[Opening Input data section]
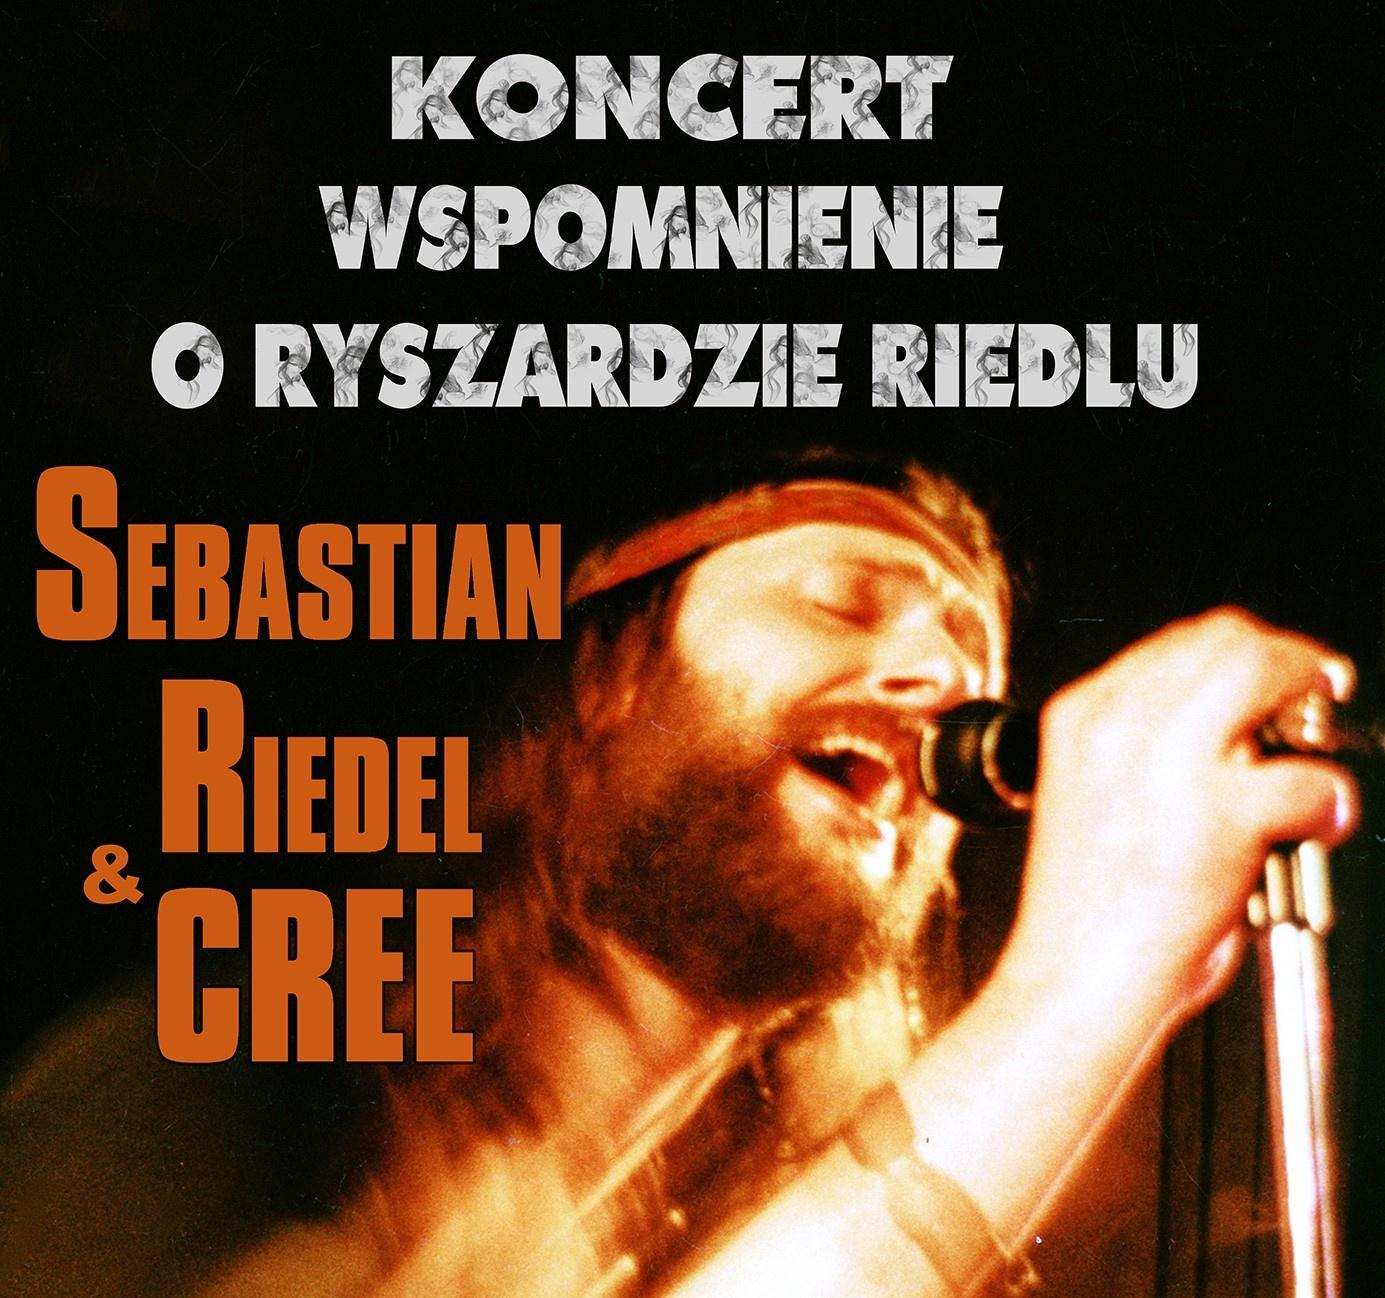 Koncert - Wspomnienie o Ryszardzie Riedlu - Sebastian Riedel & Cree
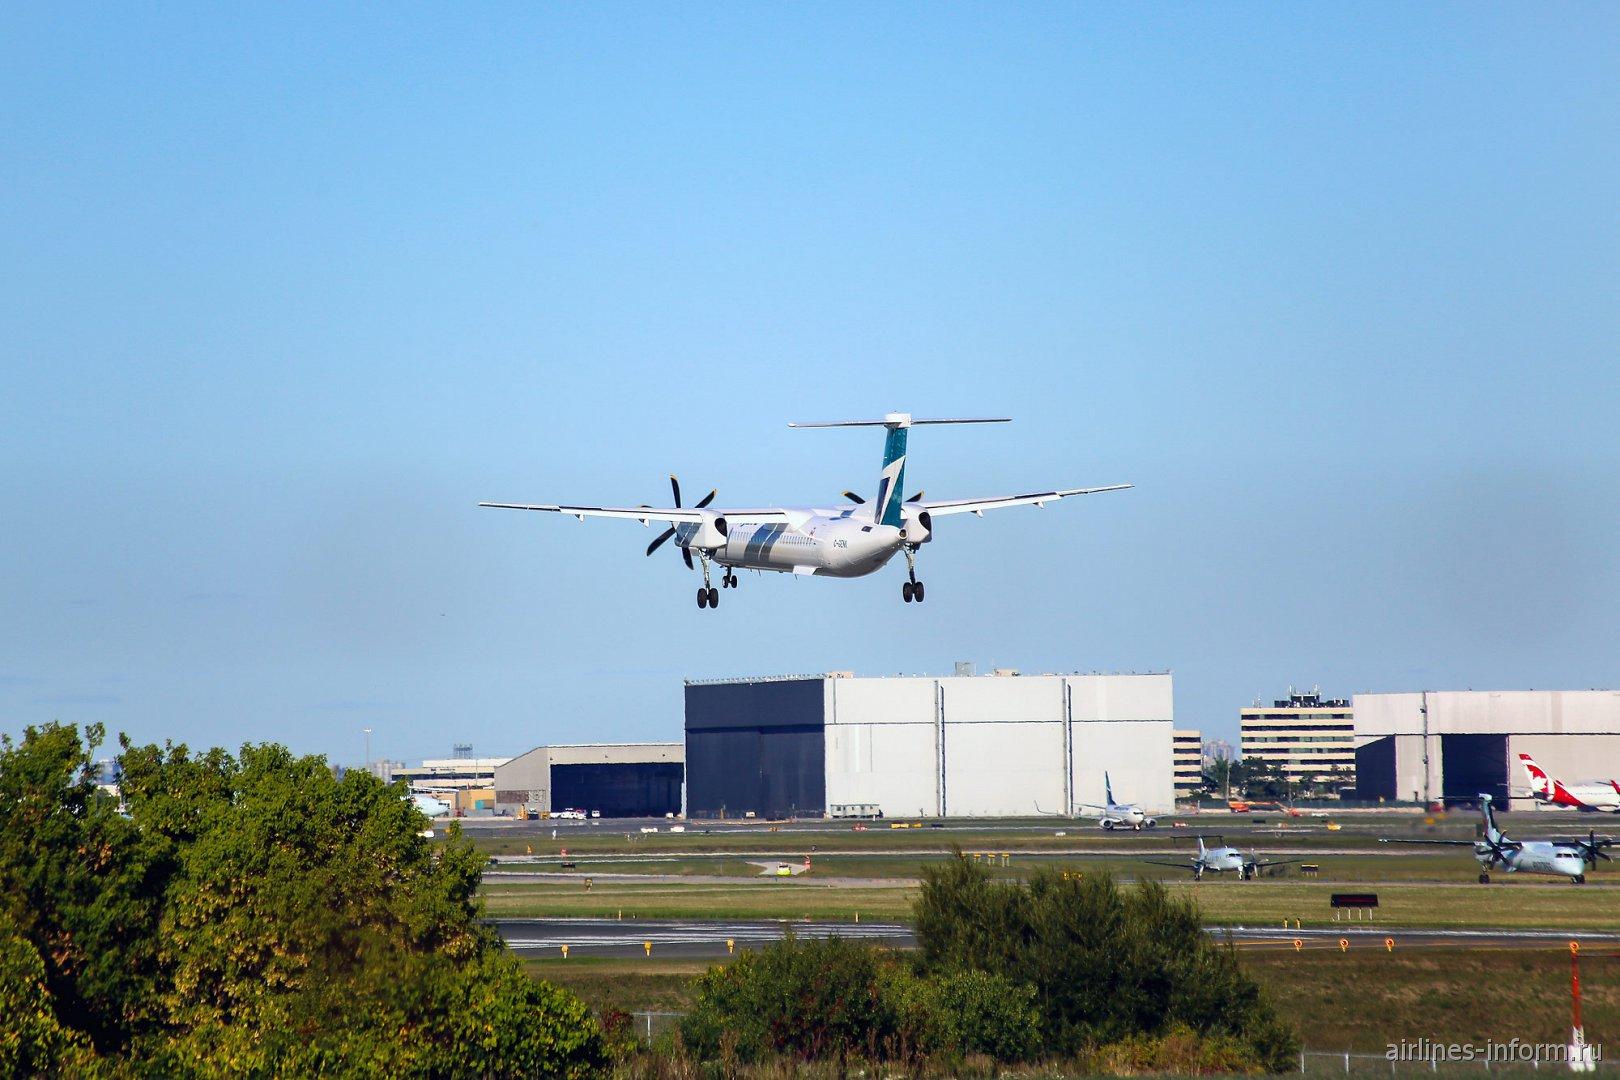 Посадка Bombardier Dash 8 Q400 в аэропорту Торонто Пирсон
[Closing Input data section]
[Opening Input data section]
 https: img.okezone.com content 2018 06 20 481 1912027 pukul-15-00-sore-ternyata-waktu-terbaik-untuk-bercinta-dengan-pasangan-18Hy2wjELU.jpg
[Closing Input data section]
### About this exercise
Look above for the line with "Koncert - Wspomnienie" and copy exactly from it through the line with "Посадка Bombardier Dash", both included. Omit the pictures.

### Exercise answer
 Koncert - Wspomnienie o Ryszardzie Riedlu - Sebastian Riedel & Cree
 Посадка Bombardier Dash 8 Q400 в аэропорту Торонто Пирсон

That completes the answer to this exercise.